Real Estate and the Future of Work

Real Estate and the Future of Work

The workplace is evolving. Clients in every industry are already grappling with the difficulties and opportunities posed by this upheaval, with much consideration given to how work will be accomplished and by whom in the years ahead. The real estate business is no exception, with a considerable influence on the physical workplace expected, which occupiers, developers, and investors will need to examine carefully. We’ve highlighted four critical trends that the industry will need to respond to in 2022, based on major disruptors identified by Deloitte, ranging from automation and job replacement to diversity and generational shift.

Location strategy is key:

Whether it’s to get access to talented personnel pools, improve financial performance by migrating to lower-cost locales, or adapt to geopolitical events, location strategies have never been more vital. In the past, these were frequently established in an ad hoc and reactive manner. Occupiers will need to keep these under regular scrutiny in the future to ensure that the footprint is optimized and that future requirements are foreseen, planned for, and implemented on time.

It is critical for developers and investors to understand developing geographical hotspots and provide the necessary real estate into them. If you invest in markets that are still developing but have the potential to capture demand as it increases, you may face additional risks.

Real estate must be viewed as a source of value:

For many businesses, real estate is still viewed as an expense that must be controlled. Real estate must be viewed as a value driver in the future. This will be accomplished by creating a physical environment that prioritizes the employee experience and is designed to foster purpose, engagement, cooperation, and creativity. These are all critical in assisting future organizations in responding to the quickly changing demands of a technologically enabled world.

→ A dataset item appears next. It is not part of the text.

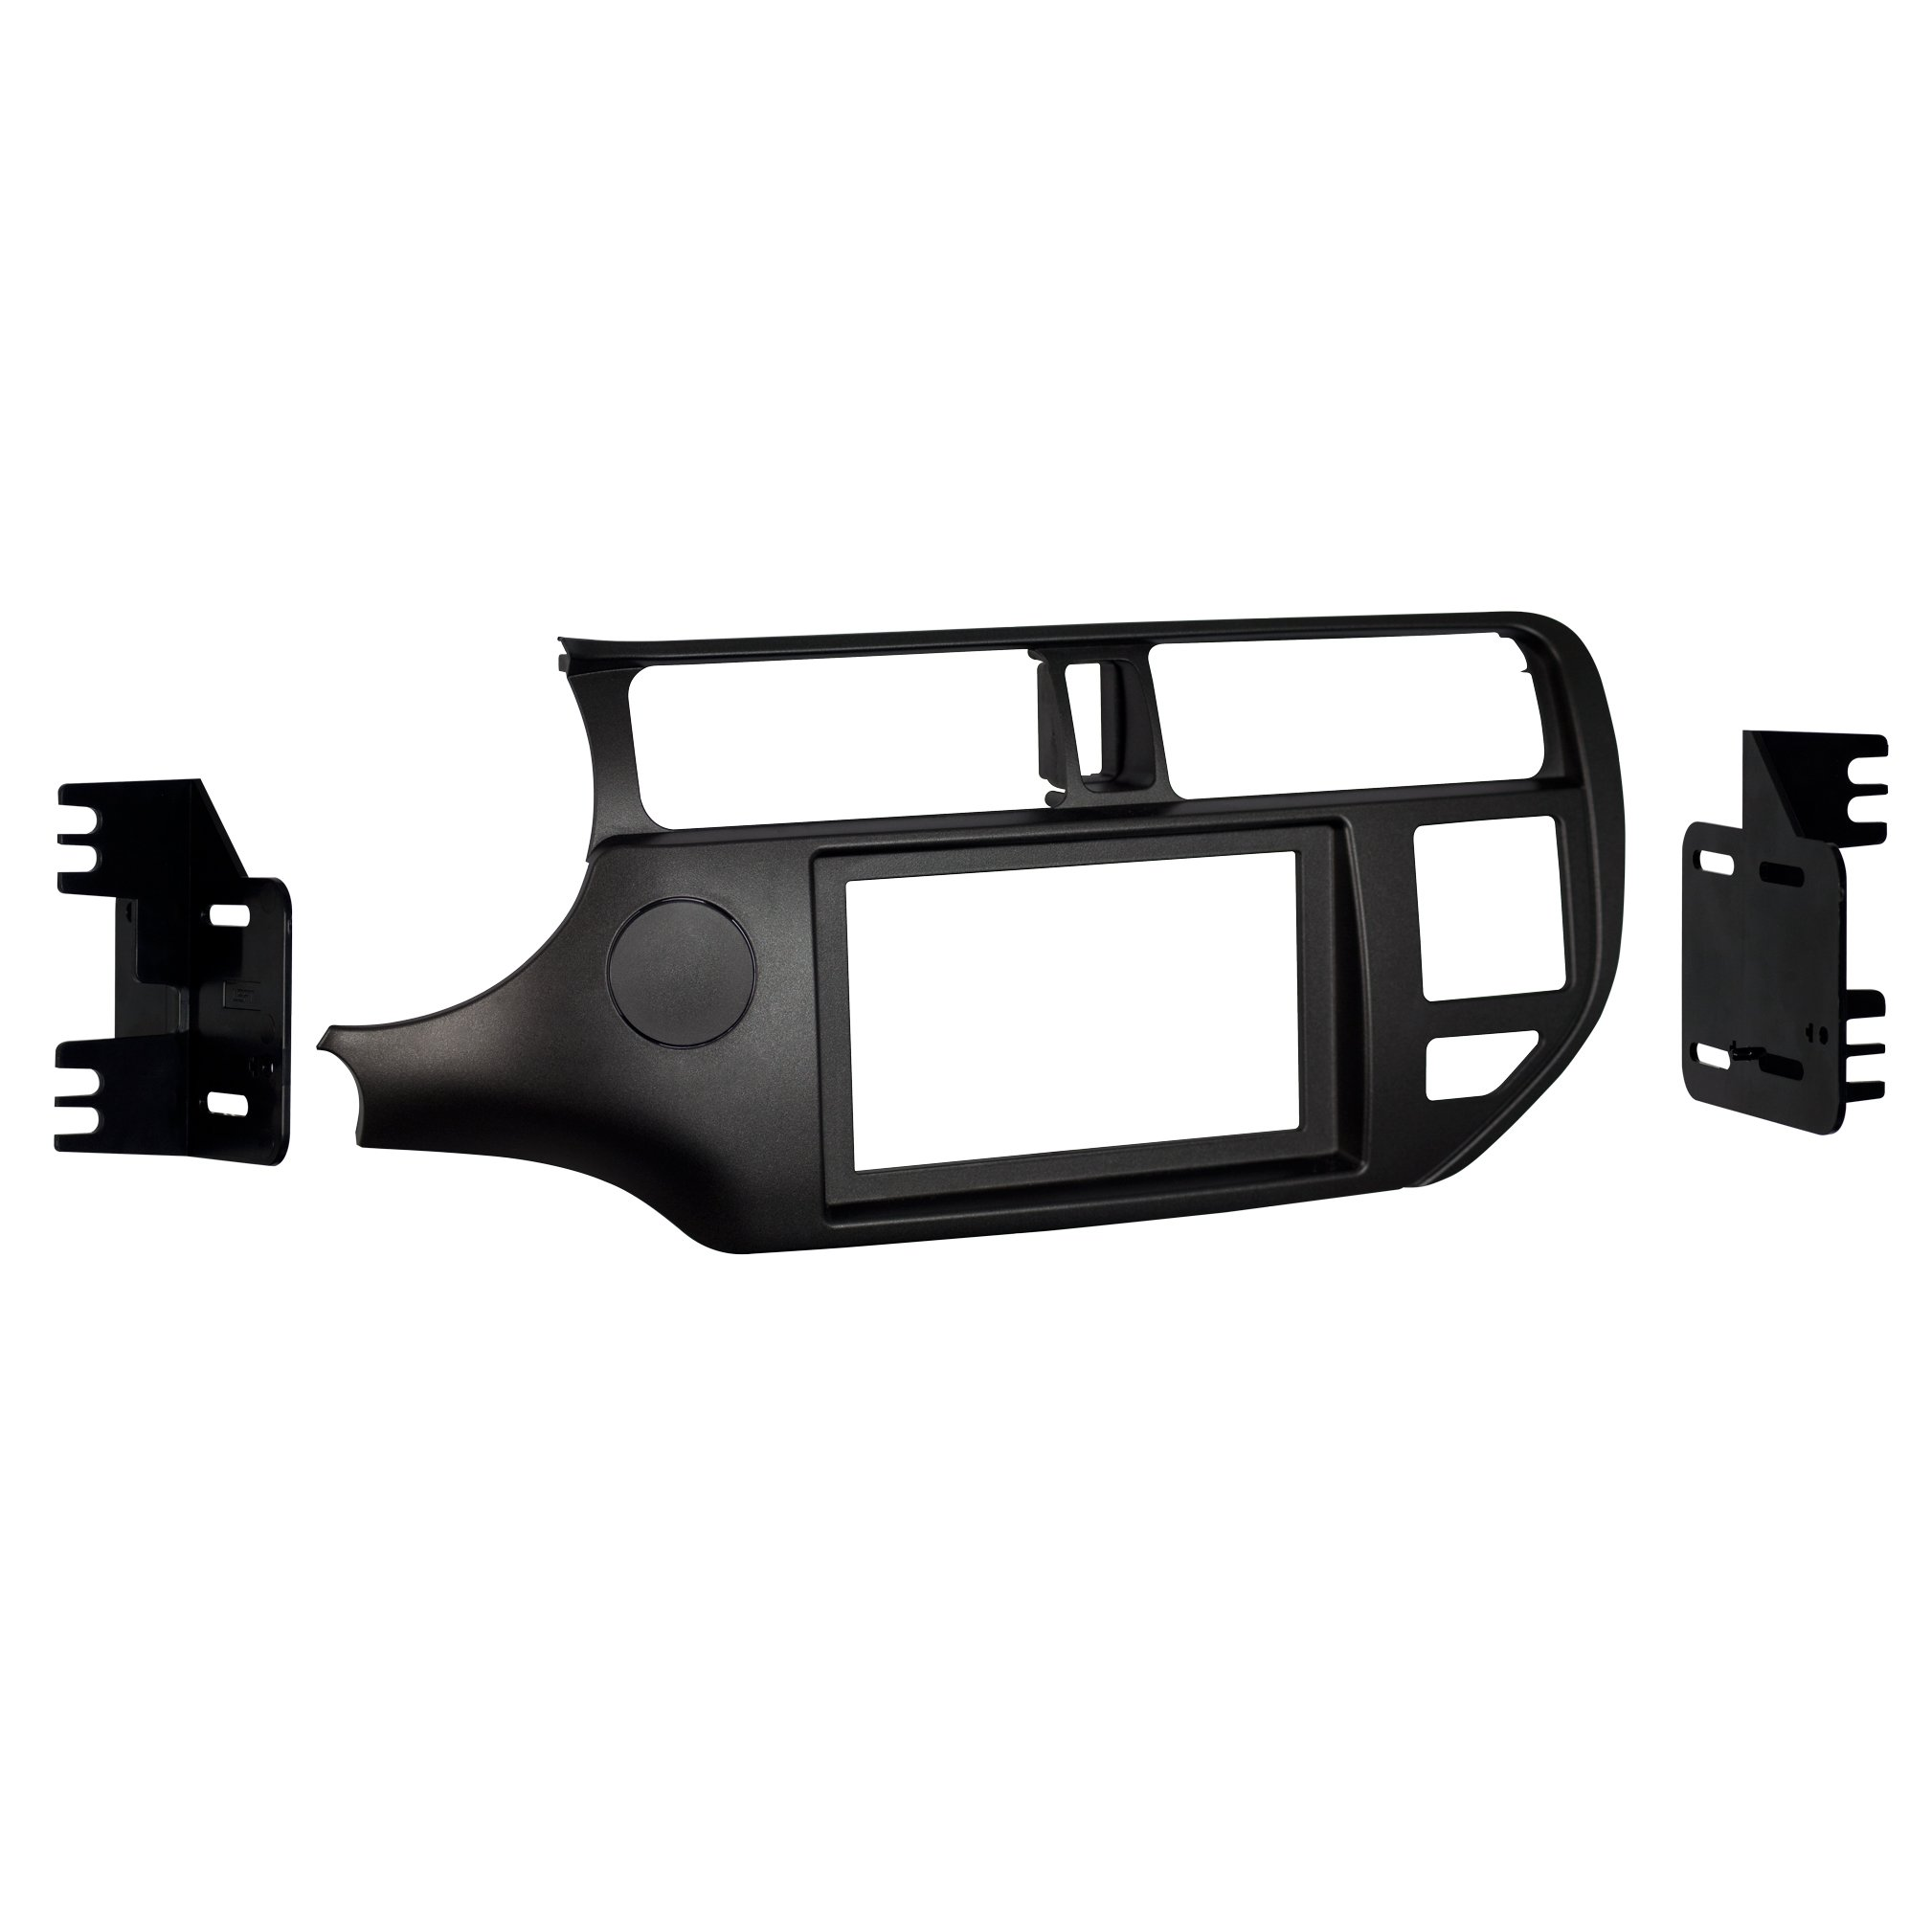 Metra 95-7353CH Double DIN Dash Kit for Select 2012-Up Kia Rio Vehicles (Black)

The way people use space will change:

Corporate occupiers must be able to articulate and track the value that the workplace will provide in order to achieve this. The challenge for developers and investors is to provide the market with buildings that offer characteristics that occupants would value rather than focusing solely on short-term financial gains.

Remote working was once advertised as a way to save money. Today, employees are the ones who demand agile functioning. Both of these trends reduce the quantity of traditional office space that is needed. However, as traditional office space becomes scarce, we anticipate a major growth in non-traditional space – that is, space that facilitates teaming, collaboration, and co-working.

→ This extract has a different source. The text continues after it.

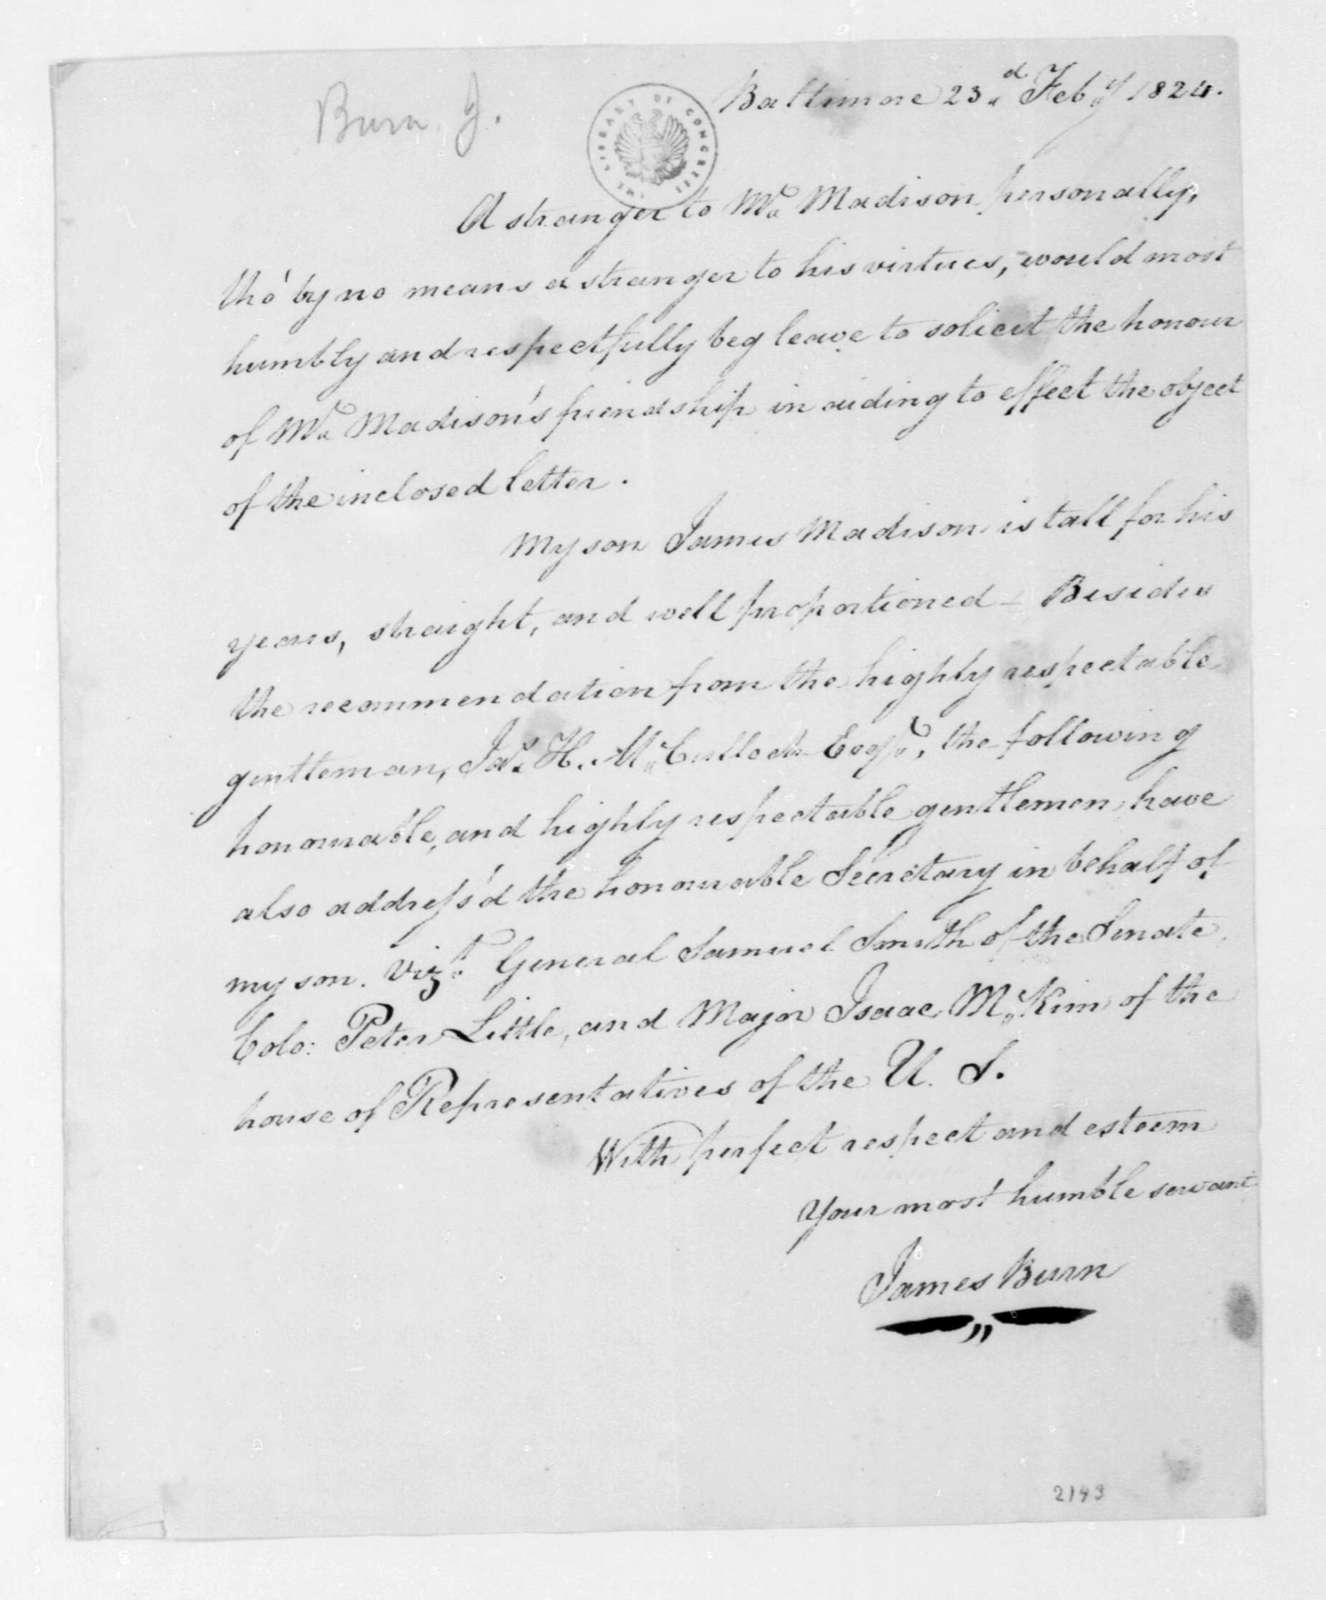 James Burn to James Madison, February 23, 1824.

Occupants must gain a better grasp of how they use the space in practice. Sensors and other building technologies can assist provide insight into how different types of space are used, allowing buildings to be operated more efficiently. Furthermore, occupiers must adopt fit-out and furniture solutions that can adapt at a low cost. This will necessitate a departure from traditional, often stringent, organizational guidelines. The issue for developers and investors is to create buildings with enough flexibility in the base build to accommodate a larger range of configurations while also anticipating demand for intelligent building data and analytics.

The strategic solution will include flexible office space:

Serviced office space has long been a part of the corporate portfolio, where it is frequently employed as a short-term option to accommodate project or overflow space. However, as the flexible office market has matured, occupiers are increasingly searching for ways to strategically utilize this space, such as supporting high-growth digital enterprises.

Flexible space is set to play an ever-greater role within the corporate portfolio as organizations grow more dynamic and the future becomes more uncertain. The difficulty for occupiers is to justify the cost premium above typical long-term space for the additional flexibility and increased amenity afforded by the facility. It begs the question of how to capture the premium that occupiers are prepared to pay for landlords and investors, with several considering moving to shorter flexible lease terms and/or building their own flexible office brands.

Conclusion:

Real estate is a business where judgments must be made that are costly, long-term, and committed. Multimillion-dollar construction contracts, multi-asset worldwide portfolios, and investor desire for stability and tenure do not sit easily with concepts like innovation and “failing fast.”

The Future of Work, on the other hand, is already here. And it’s apparent that it will have an impact on industries other than commercial real estate, whether it’s manufacturers’ operating models being transformed by automation or retailers employing sensors to capture and exploit customer data in their stores.

We believe the Future of Work will entail buildings where tomorrow’s talent will be based for developers and investors. The future building must be constructed around the needs of the people who will use it. It also needs to be adaptable and well equipped for the technology required to manage the workplace of the future. The focus for occupiers should be on maximizing the value that real estate brings to the company. This can be accomplished by continuously optimizing strategic locations, balancing long-term and short-term leases, synchronizing the physical and virtual workplaces, and putting the user experience at the centre of office design.